In this project, we put changes to computer programs more central in the programming experience. As a result, the ability to do static analyses is lifted from single programs to the full dimension of any program’s construction. This has some useful applications, which are demonstrated in a series of articles.

Static program analysis is the analysis of computer programs that is performed without actually executing programs. Some examples are:

  • identifying variables that are declared, but never used;
  • identifying variables that are used, but never declared;
  • any kind of type-checker.

Such analyses are useful in helping the programmer identify potential errors as soon as possible.

Case in point: running a program with undeclared variables will lead to failure at the point the variable is used, which is why running such programs is ruled out in many (but not all) programming environments.

Let’s see how such analyses relate to the present project. This project is about Expressions of Change: environments in which the changes to programs take a central role, e.g. by having an editor which stores histories of structured changes to documents rather than the resulting documents.

In the context of such an editor, doing such static analyses for each version of the program yields an extra dimension of valuable information: in addition to giving information about what is wrong and where, such step by step analyses provide insight into when something went wrong, in terms of the edit-history of your program. This extra dimension may be quite helpful in answering the most important question, which is the question as to why.
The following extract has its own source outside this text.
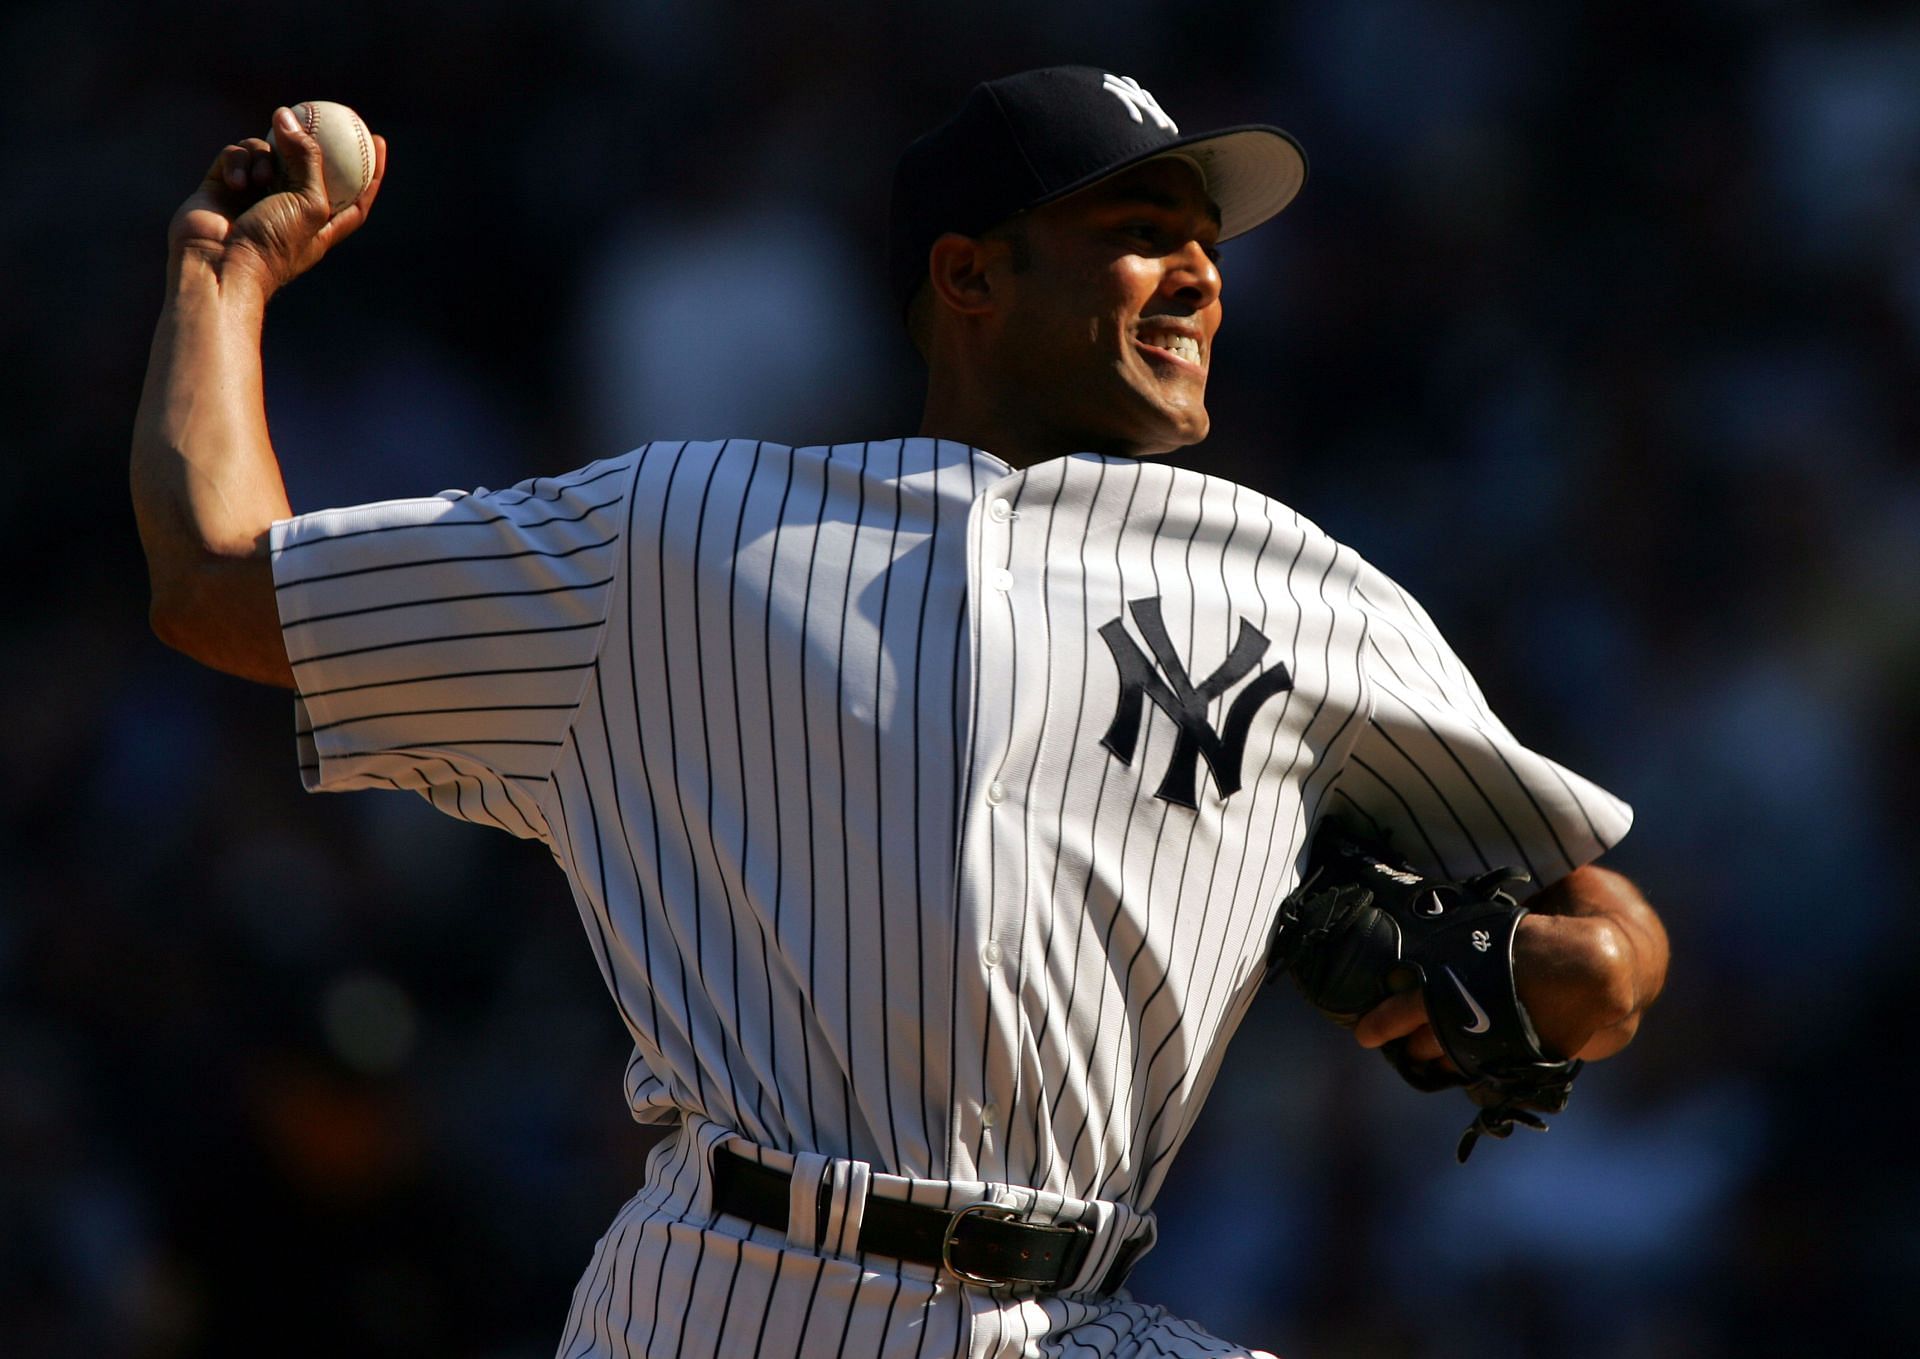 Retired Yankees pitcher Mariano Rivera in Israel on interfaith mission

As an example, consider an analysis which identifies (attempted) usage of undeclared variables. A traditional such analysis will point at the location in our program where an unknown variable is used. Doing the same analysis for each version of the program (where every modification of the program yields a new version) will help us pinpoint when the problem was introduced. In other words: it will pinpoint a precise modification of the program. By examining this modification, the question of why may be more readily answered. Examples of possible answers are:

  • the variable was renamed at its usage-location;
  • the variable was renamed at the location of its definition;
  • the location of the variable’s definition was removed entirely;
  • the variable has never been defined.

This principle, of applying a given static analysis on each version of the program as a whole, gives us a new axis of analysis “for free”, namely that along the history of the program’s construction. By “for free”, we mean that we need not write any code: we simply take an existing tool for static analysis and run it at each step of the program’s construction. One might call this principle the naive approach to step by step program analysis.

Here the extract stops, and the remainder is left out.